Привели уроженца Курляндии Яна Гозена, говорившего по-немецки и по-русски, но знавшего и латинский язык. Ему рассказали, в чем дело, и он повиновался приказанию посланника быть толмачом.
В это время доложили о прибытии королевских посланных.
Во главе их стоял гвардейский офицер Катё, к счастью тоже знавший латинский язык. Он держался чрезвычайно вежливо по отношению к посольству и заявил, что по приказанию короля ему поручено состоять при посольстве. Затем он приветствовал послов от имени короля и сказал, что все готово для поездки посольства за счет короля в Париж и что лошади, кареты и тележки для перевозки вещей – все это приготовлено.
Потемкин при этом облегченно вздохнул.
– Бьем челом государю вашему, – сказал он Катё и низко поклонился, касаясь рукою земли.
Вся свита последовала его примеру.
– Слава Царице Небесной! – продолжал Потемкин. – Наконец-то нас здесь достойно, как по чину полагается, встречают. А теперь на радостях надо гостей попотчевать, – и он, приказав подать прохладительные питья, крайне любезно отнесся к посланным французского короля.

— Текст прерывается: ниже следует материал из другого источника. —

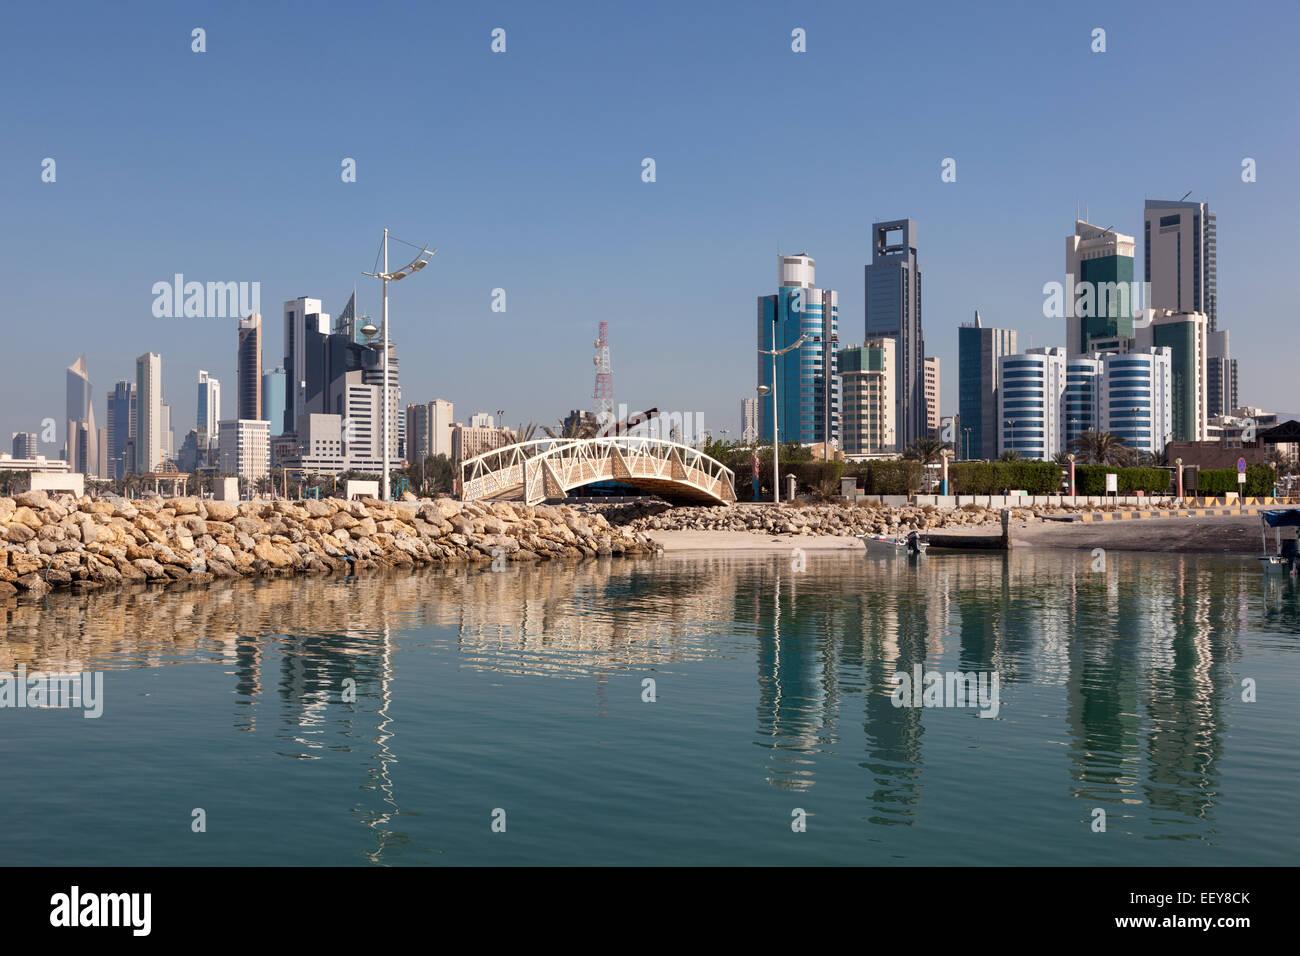 Skyline of Kuwait City, Middle East - Stock Image

Когда через час последние удалились из лагеря, туда въехали кареты, лошади и тележки. Маркиз Сен-Люк одолжил три своих экипажа, Катё нанял еще четыре. Кроме того, наняли более пяти тележек и еще верховых лошадей.

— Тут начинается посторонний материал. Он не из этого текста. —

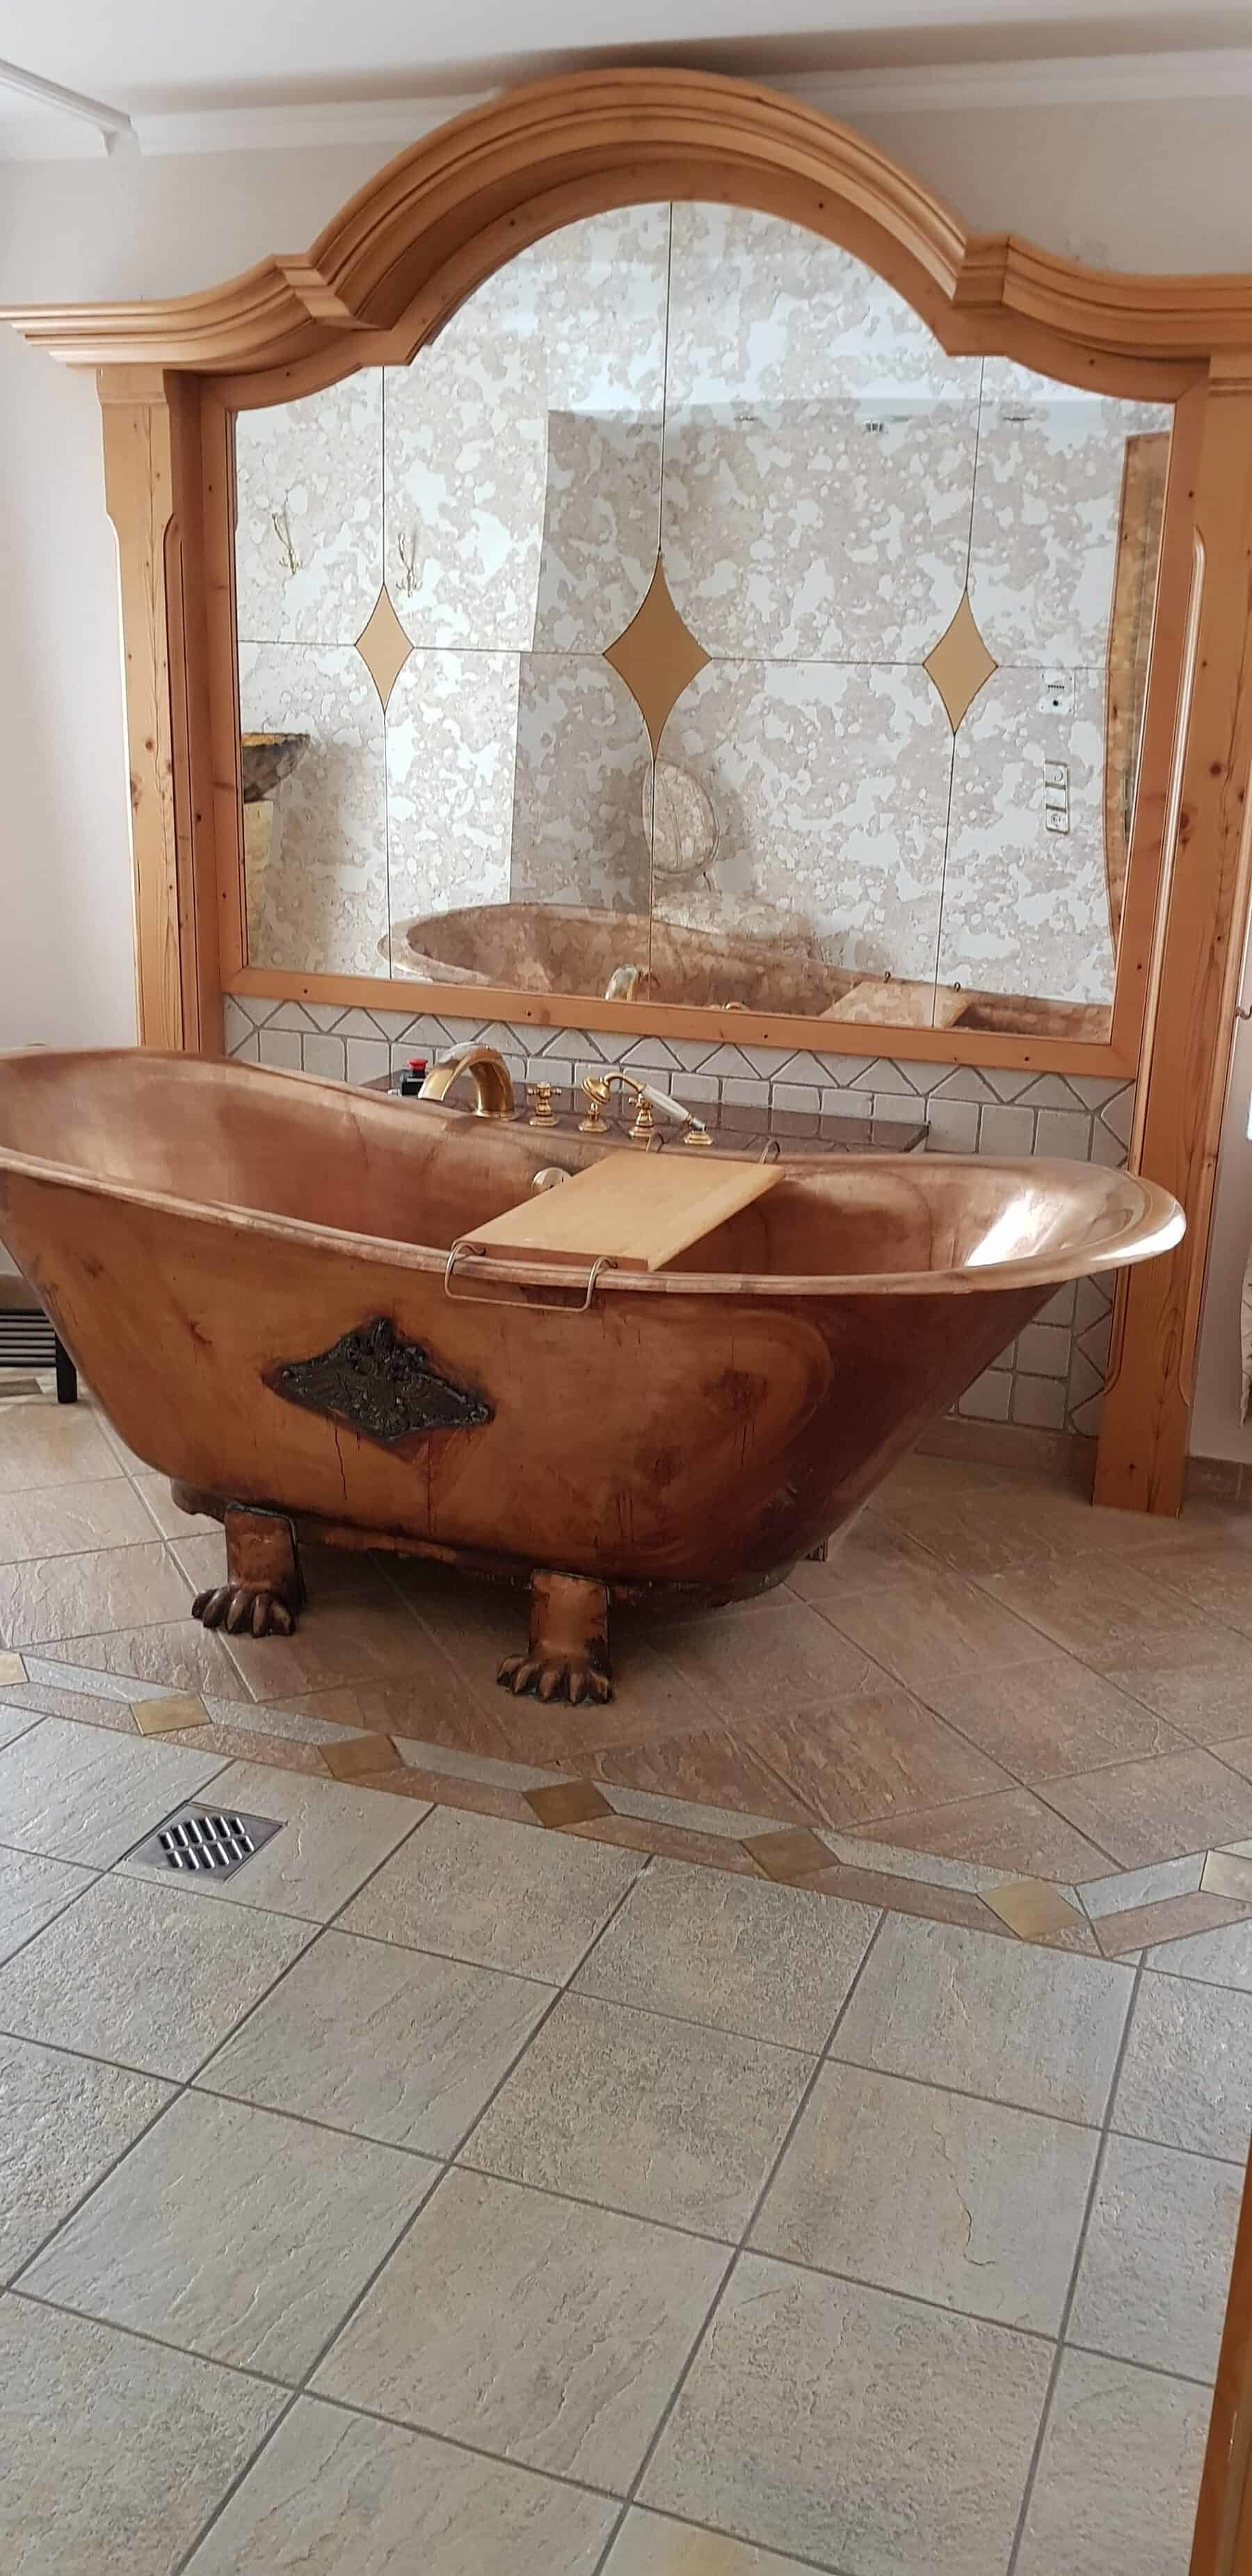 laerchenhof wellness tub

Потемкин решил ковать железо, пока горячо, и приказал тотчас же сниматься с лагеря. Часа через четыре все было готово.
– А как же, государь, с Романом-то? – спросил подьячий. – Он все лежит, в себя не приходит.
Потемкин пошел навестить Яглина. Последний лежал без памяти в своей палатке. Лицо его было красно, и по временам он бредил.